Both artists and curators want to move from the typically written art of history and mythology into more visual arts, Wimbley said.

The reflective remix aspect is simply taking fragments of art from original pieces to incorporate into new content, such as when a DJ creates new content out of samples from archived records.

“The idea is that the two are not whole until it’s completed by the audience,” said Christion.

Krajnak’s piece, where she took pages from Ansel Adams educational book and placed her own photography over his while also redacting much of the words in his text to replace them with her own meaning, was inspired by the mainstream photographer who she claims is a master of photography.

“He kind of transcends in a way. Even though he’s a very well-known modernist master, he’s also one of these very popular photographers who is embraced by all kinds of people,” Krajnak said. “I was thinking about these ideas of the modernist master and what that means.”

Her project is still ongoing, and she considers it to be fairly blunt and conceptual.

Everything is meant to be easily understood and accessible, similar to how accessible Adams’ photography is.

“Encountering the archive as a woman of color thinking ‘No I’m going to erase these technical terms’ and what’s left emerges my emotional reactions to his (Adams’) work and the more subjective experience,” Krajnak said.

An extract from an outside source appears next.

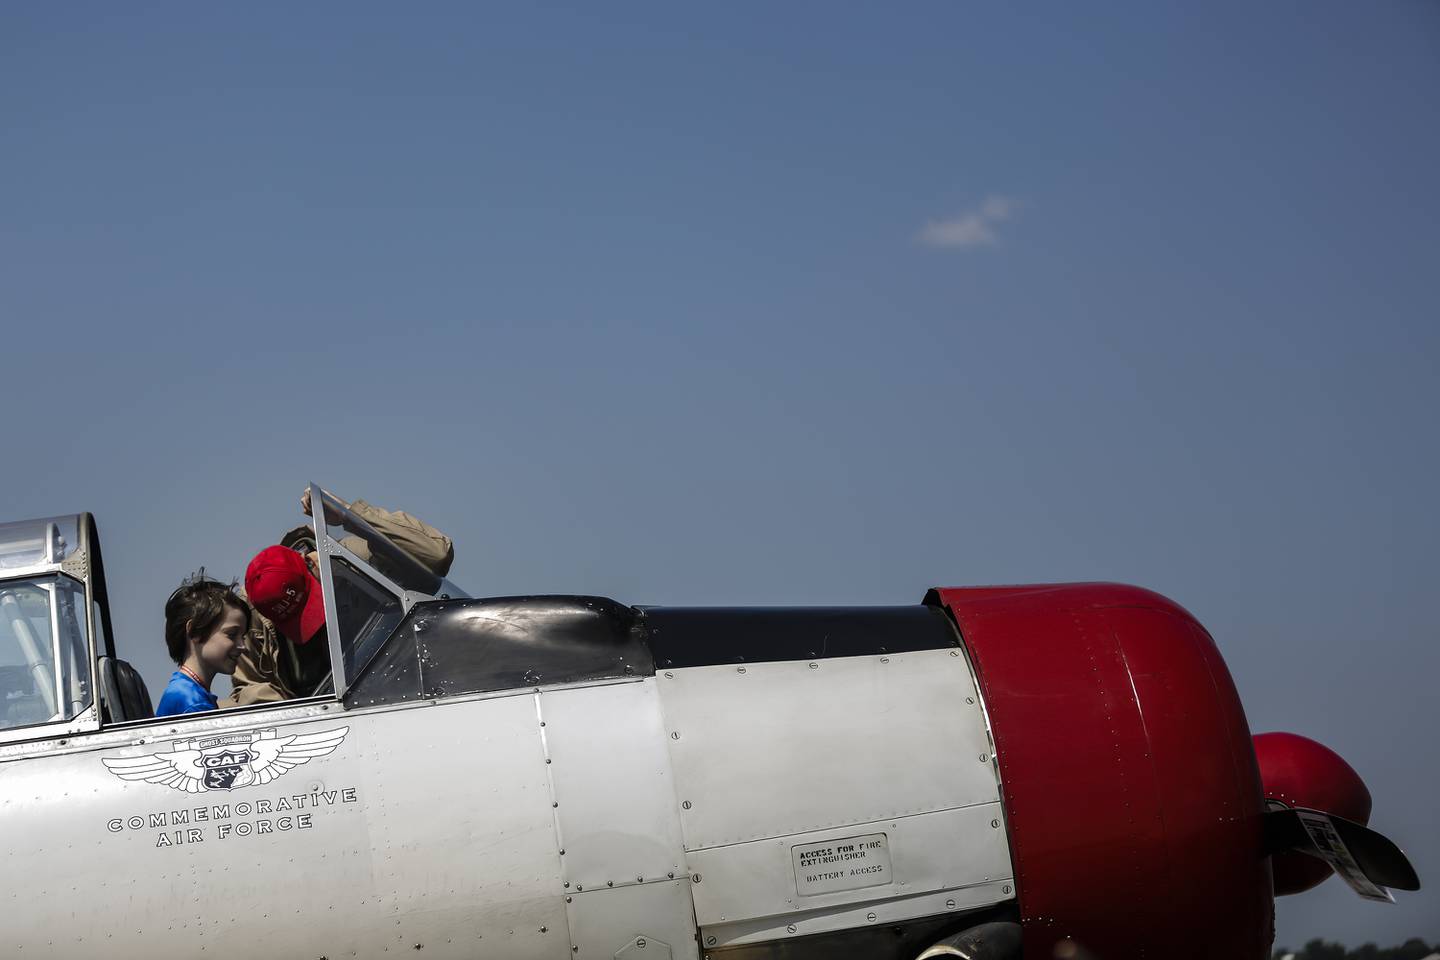 Gary Otto (right) shows Eric Boyce, 11, of Geneva, the cockpit of a SNJ-5 during the 2014 Scout AirFest at Lewis University Airport in Romeoville on Saturday, Aug. 9, 2014.

German, typically a sculpture artist, uses her work as a way to save her own life and make sure that she is okay.

Her piece in the gallery represents the Black Madonna, where she painted four different versions of the goddess on white dinner plates.

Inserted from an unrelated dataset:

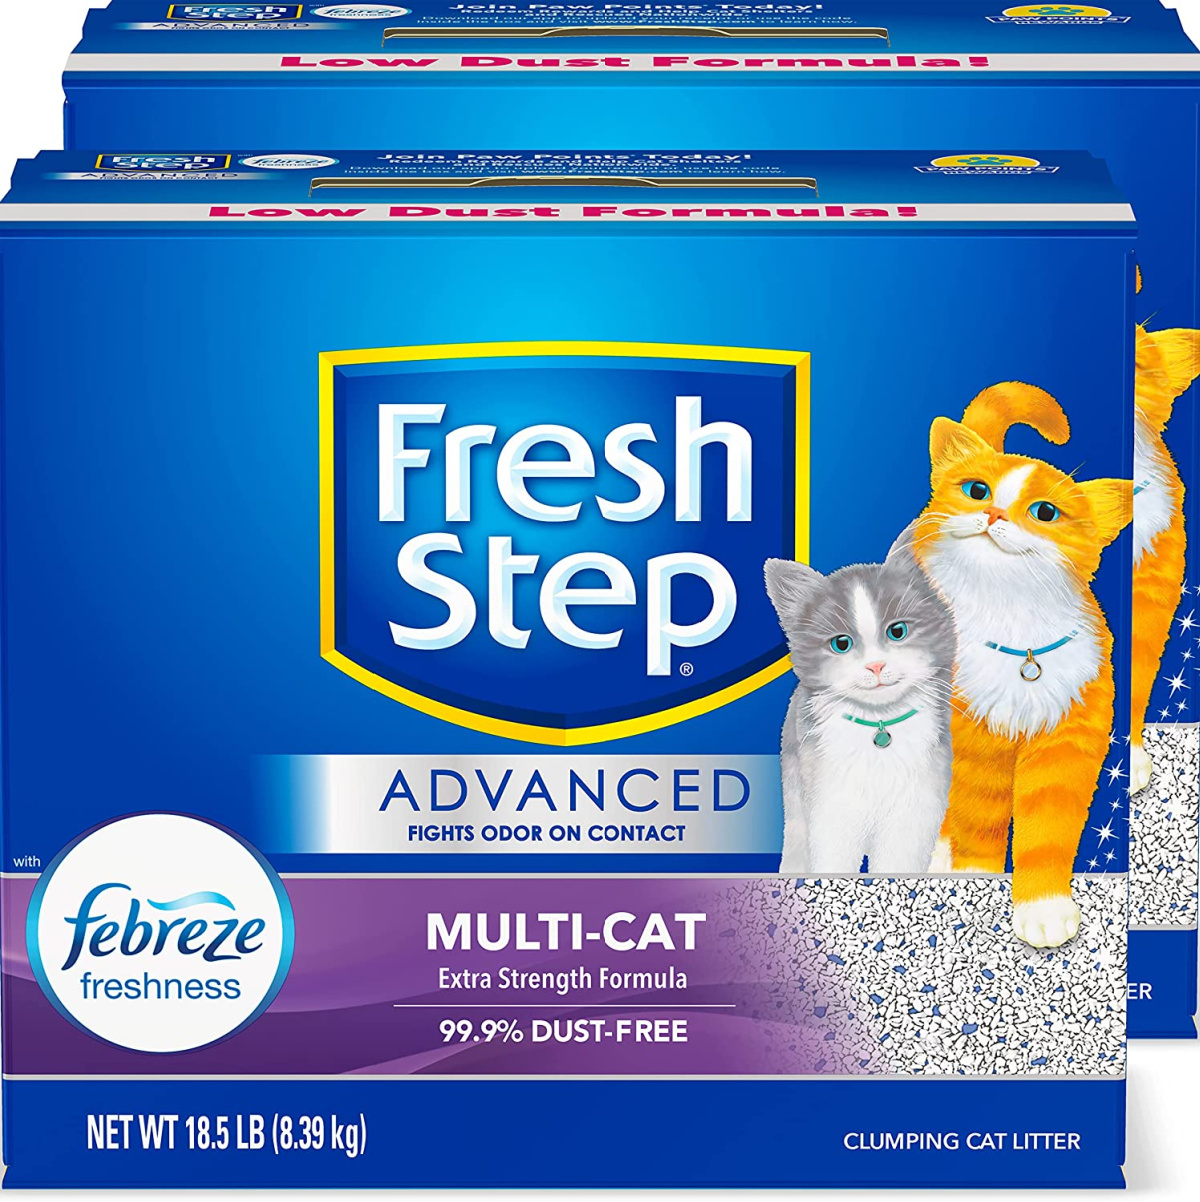 stock image of two boxes of fresh step cat litter

She also created a 2D image using multiple mediums like sea shells, spoons, and multi-patterned fabric to form a woman.

“Inside of this work I’m trying to do several things: I’m trying to save my own life, I am, as an artist, pushing past a place of resistance, and I am listening to these places of spark,” German said.

Her artwork is full of symbolism, such as keys to symbolize both external and internal forgiveness, or mirrors used to bring the viewer into her work.

She pulls these symbols from her own archive of which she calls the technology of her soul, which is an emotional, intuitive place of creating out of intuition, history, and new information, said German.

“I am a part of this work. My story is inside of this work, it is for me. It is doing something real for me,” German said.

Aside from the archives within herself, she also collects many objects that she feels call to her.

The objects can be hundreds of spoons, boxes of old tea sets, or even a shopping cart full of AK-47 handles.

“I’m looking for material that speaks to this language, to the technology of my soul,” German said.

Woods’ work has an interest in movement and collaging, of which she pulls her inspiration from anything that sparks her interest.

She has a five-minute long film on display in the gallery titled “We Was Just Talking.”

“A lot of what I source is just likings that intrigue me, that I’m drawn to, that I question, that I’m fascinated by, that are disturbing to me,” said Woods. “I kind of approached video in that way too, collaging disparate things that I think form interesting relationships.”

The “Biomythography: Reflexive Remix” exhibit is on display through April 26.